─── Source data
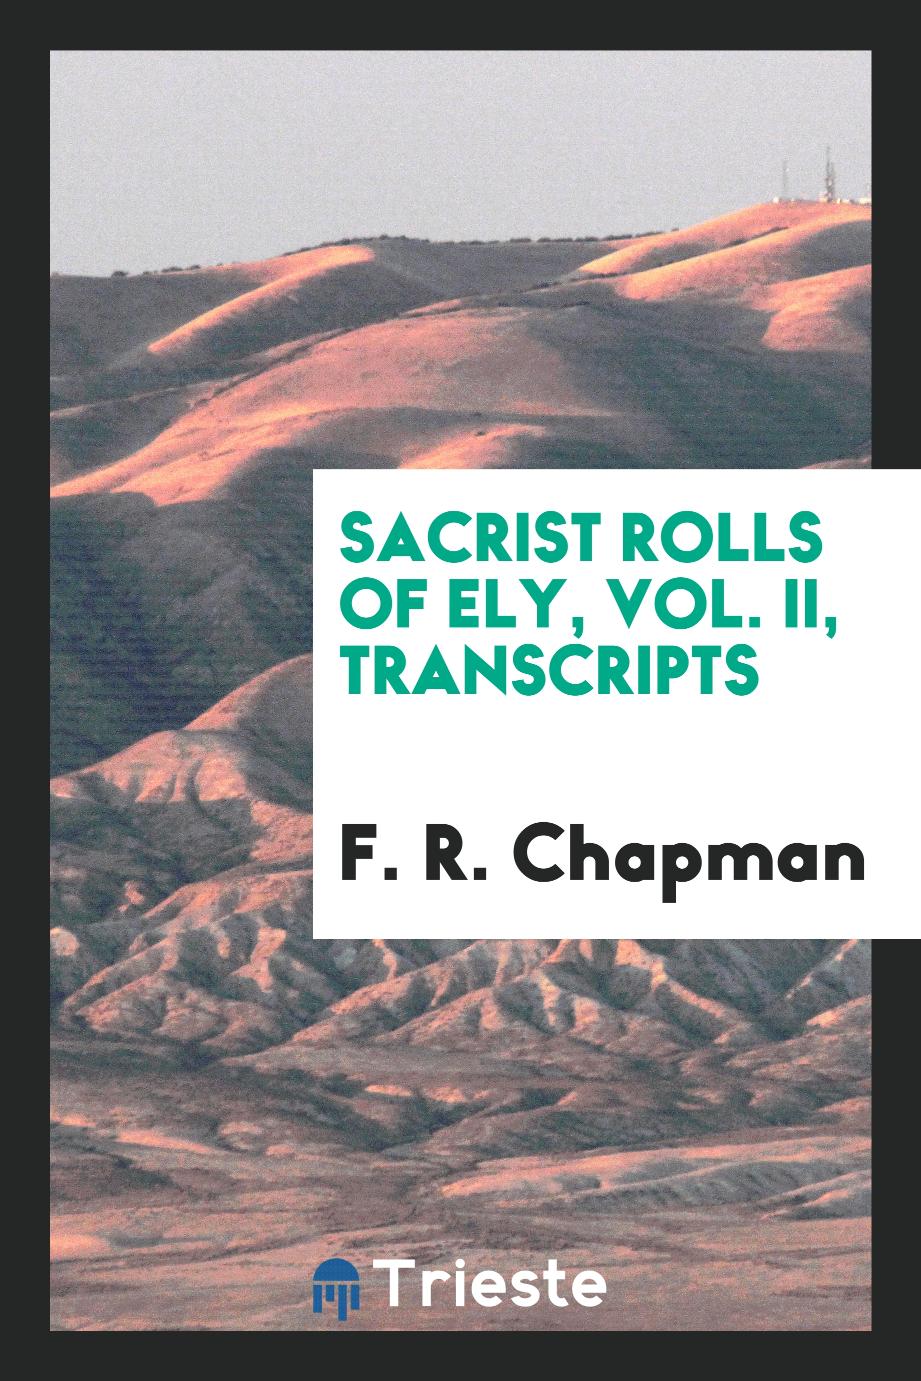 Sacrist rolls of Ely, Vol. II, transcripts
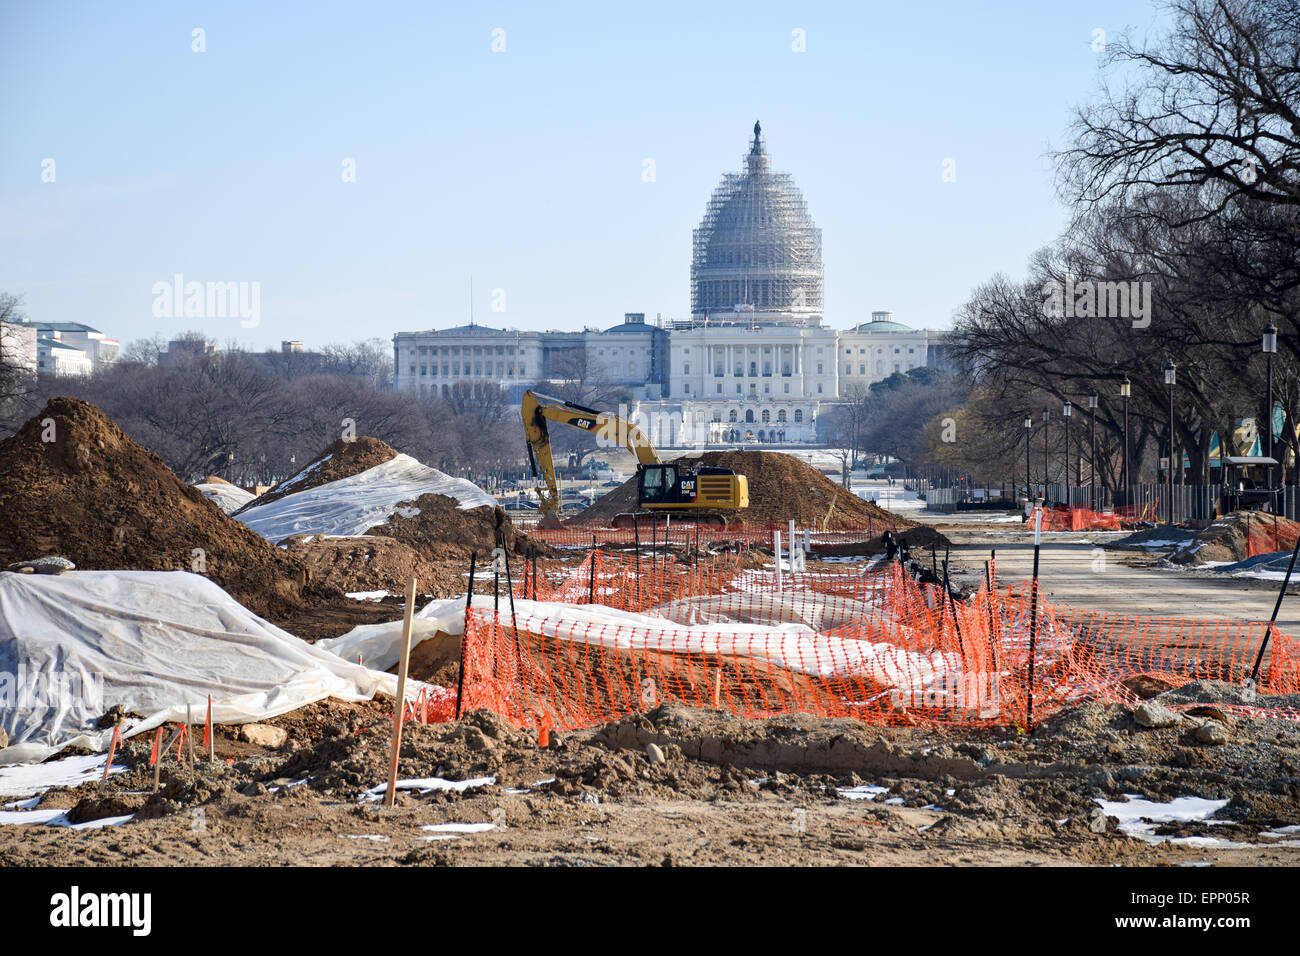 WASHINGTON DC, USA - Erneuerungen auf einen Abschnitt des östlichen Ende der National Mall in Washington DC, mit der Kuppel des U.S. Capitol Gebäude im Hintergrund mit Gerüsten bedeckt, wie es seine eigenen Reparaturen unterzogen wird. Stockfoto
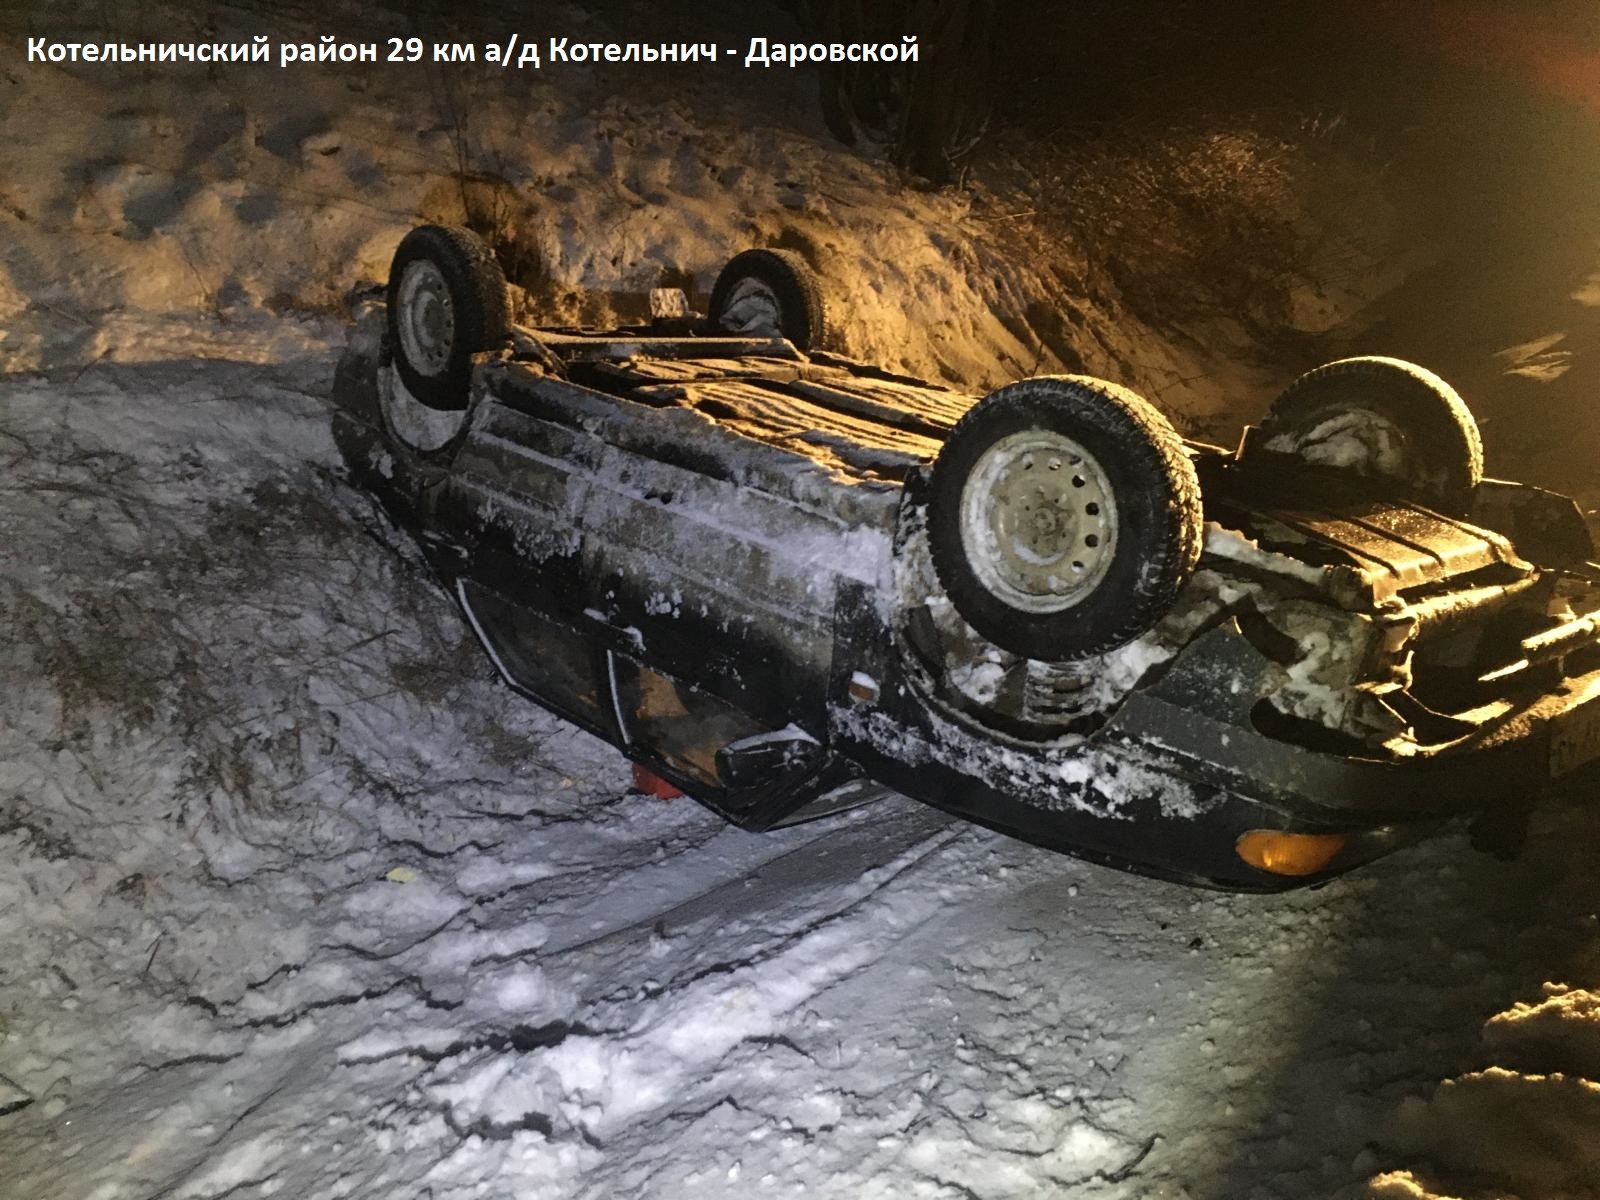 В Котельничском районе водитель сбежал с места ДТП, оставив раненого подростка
──────
Exercise prompt →
Output, exactly and only: the line containing "WASHINGTON DC, USA", the last line of the listing above, and every line in between. Leave the pictures out.

Task solution →
 WASHINGTON DC, USA - Erneuerungen auf einen Abschnitt des östlichen Ende der National Mall in Washington DC, mit der Kuppel des U.S. Capitol Gebäude im Hintergrund mit Gerüsten bedeckt, wie es seine eigenen Reparaturen unterzogen wird. Stockfoto
 В Котельничском районе водитель сбежал с места ДТП, оставив раненого подростка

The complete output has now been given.